DeepSeek Impact Puts Edge AI on Edge
China’s DeepSeek, which demonstrated AI can be done with fewer resources, unleashed shockwaves through the AI training community. But what about AI inference? Any rethinking at edge AI?
NXP Semiconductors this week announced a definitive agreement to acquire Kinara, a startup developing Neural Processing Units (NPUs) and software development tools. Headquartered in Calif. with a development team in India, Kinara is focused on generative AI.
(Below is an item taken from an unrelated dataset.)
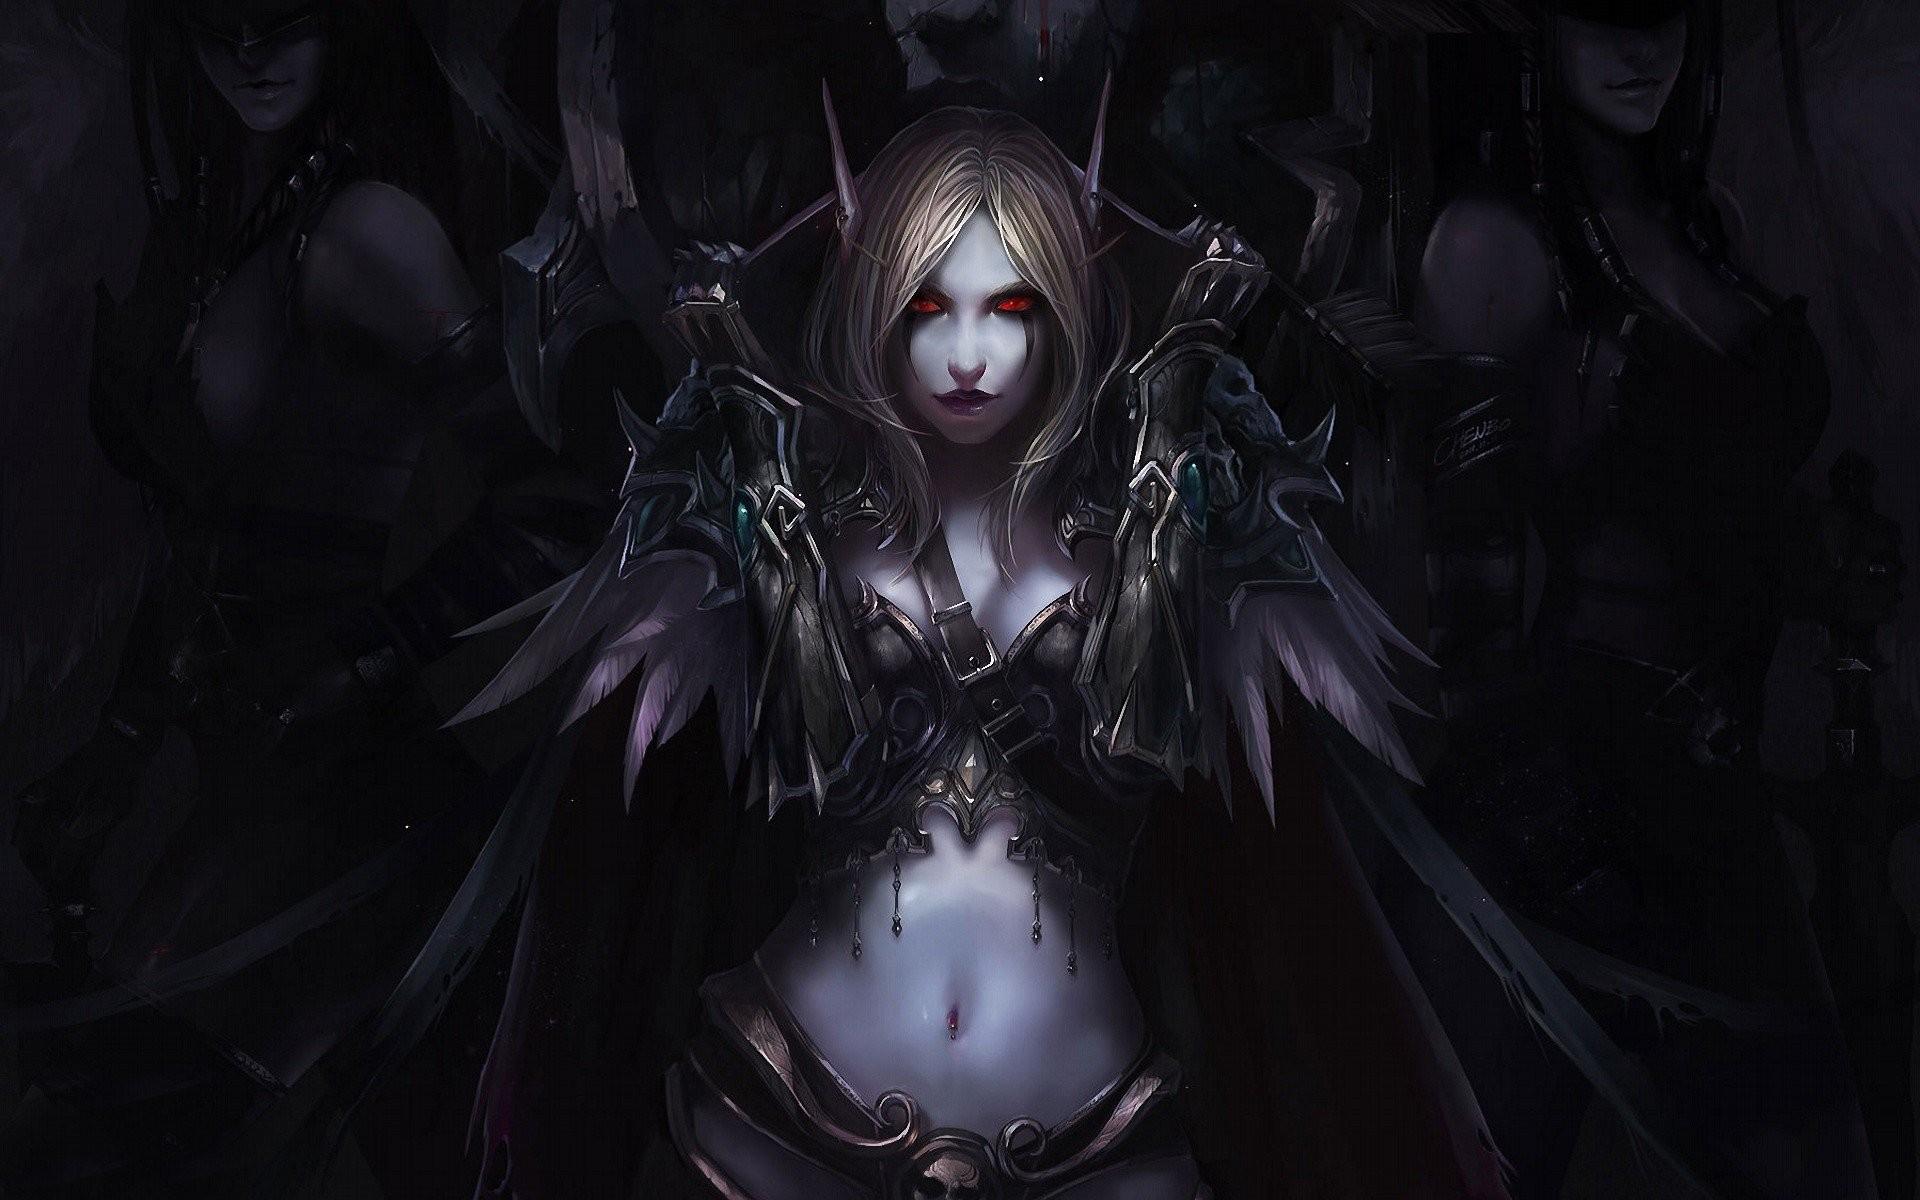 Artwork Elves Fantasy Art Navel Sylvanas Windrunner Video Games Warcraft  WarCraft III Women World Of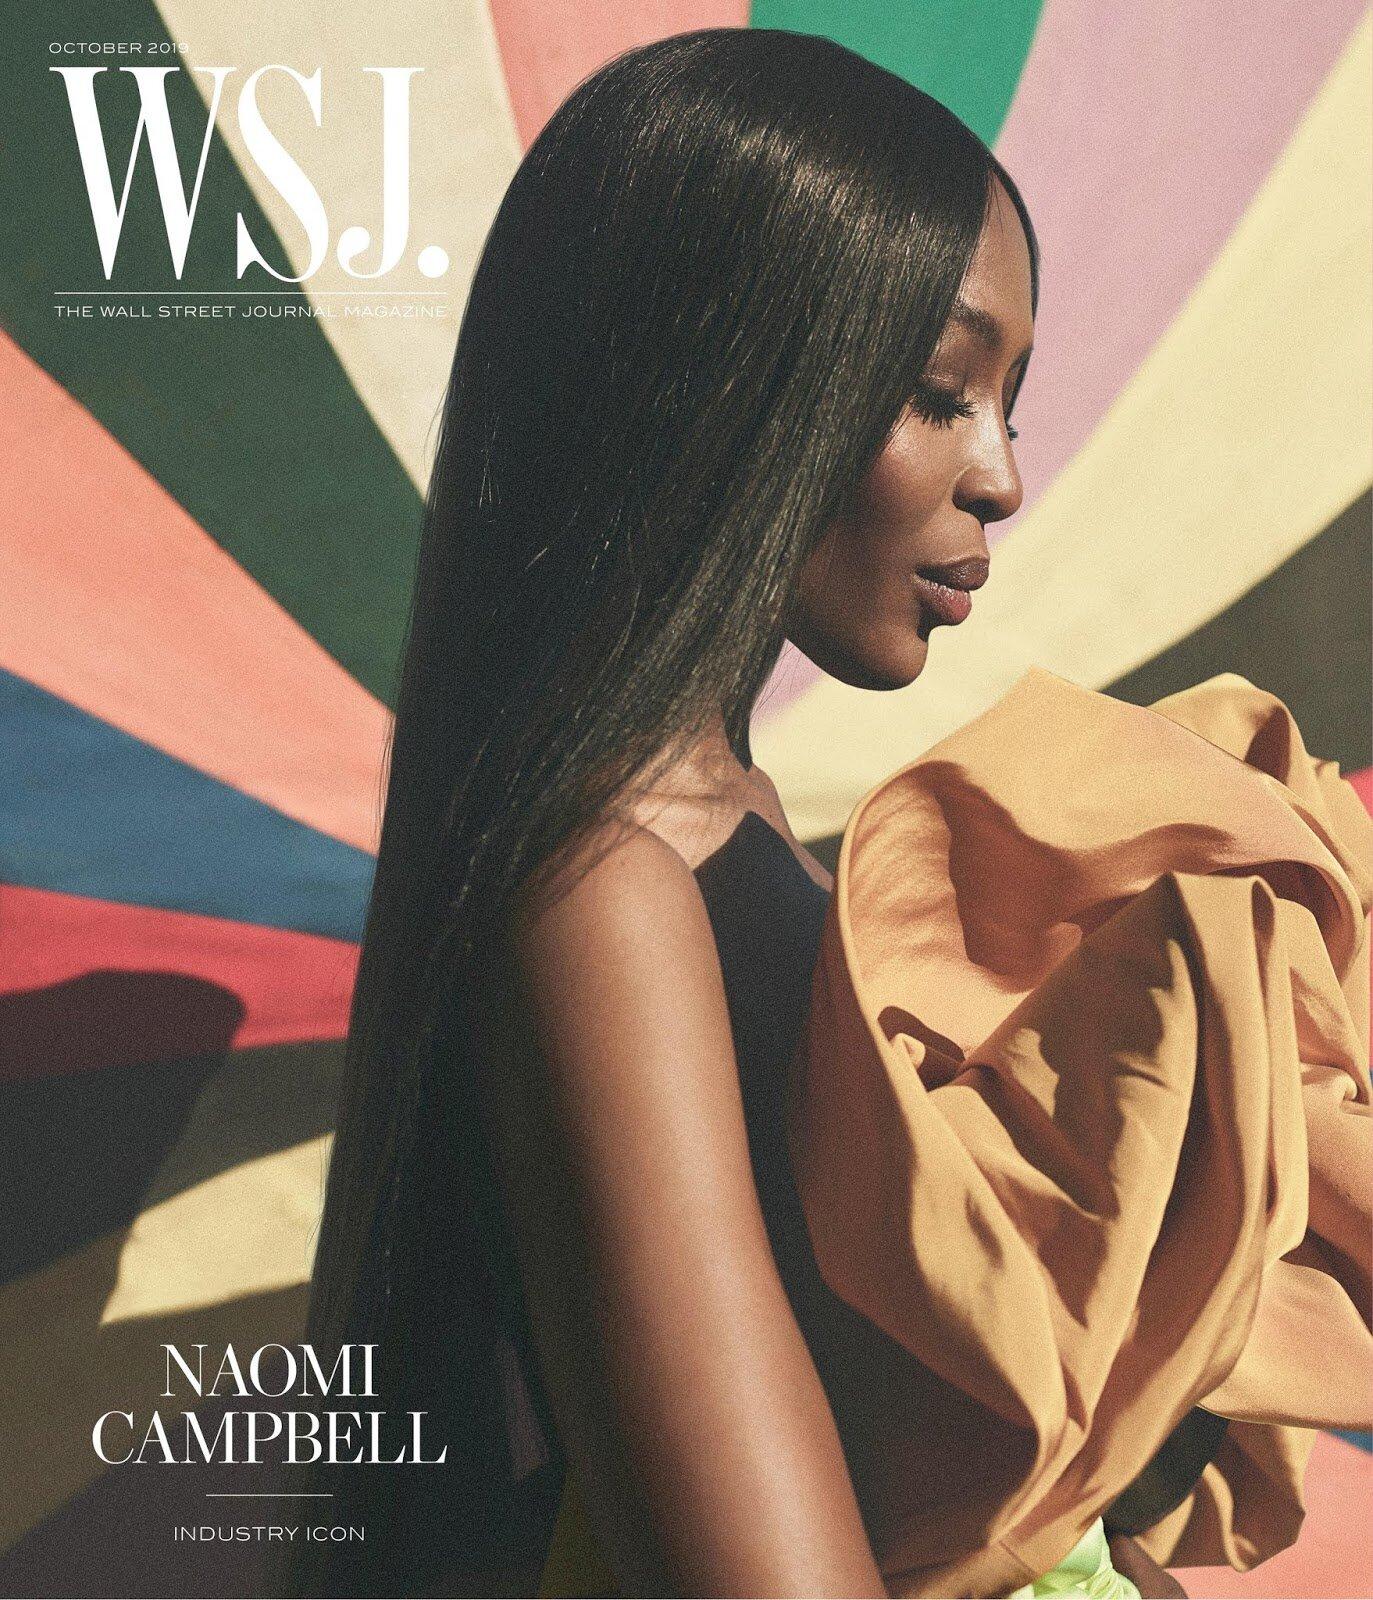 Naomi Campbell by Annemarieke van Drimmelen for WSJ Magazine Oct (2).jpg

While the training side of AI felt the biggest DeepSeek impact, a broad range of changes is inevitable — due to model proliferations, multi-modal applications, open source and lower cost — for AI inference at the edge.
Economies and open training models will foster the development of “better models that are potentially cheaper, even if they aren’t open source,” predicted Rutger Vrijen, senior vice president, Strategy, Secure Connected Edge at NXP. Further, he sees “more capability at lower compute powers to edge devices, if we can compress those models to the edge.”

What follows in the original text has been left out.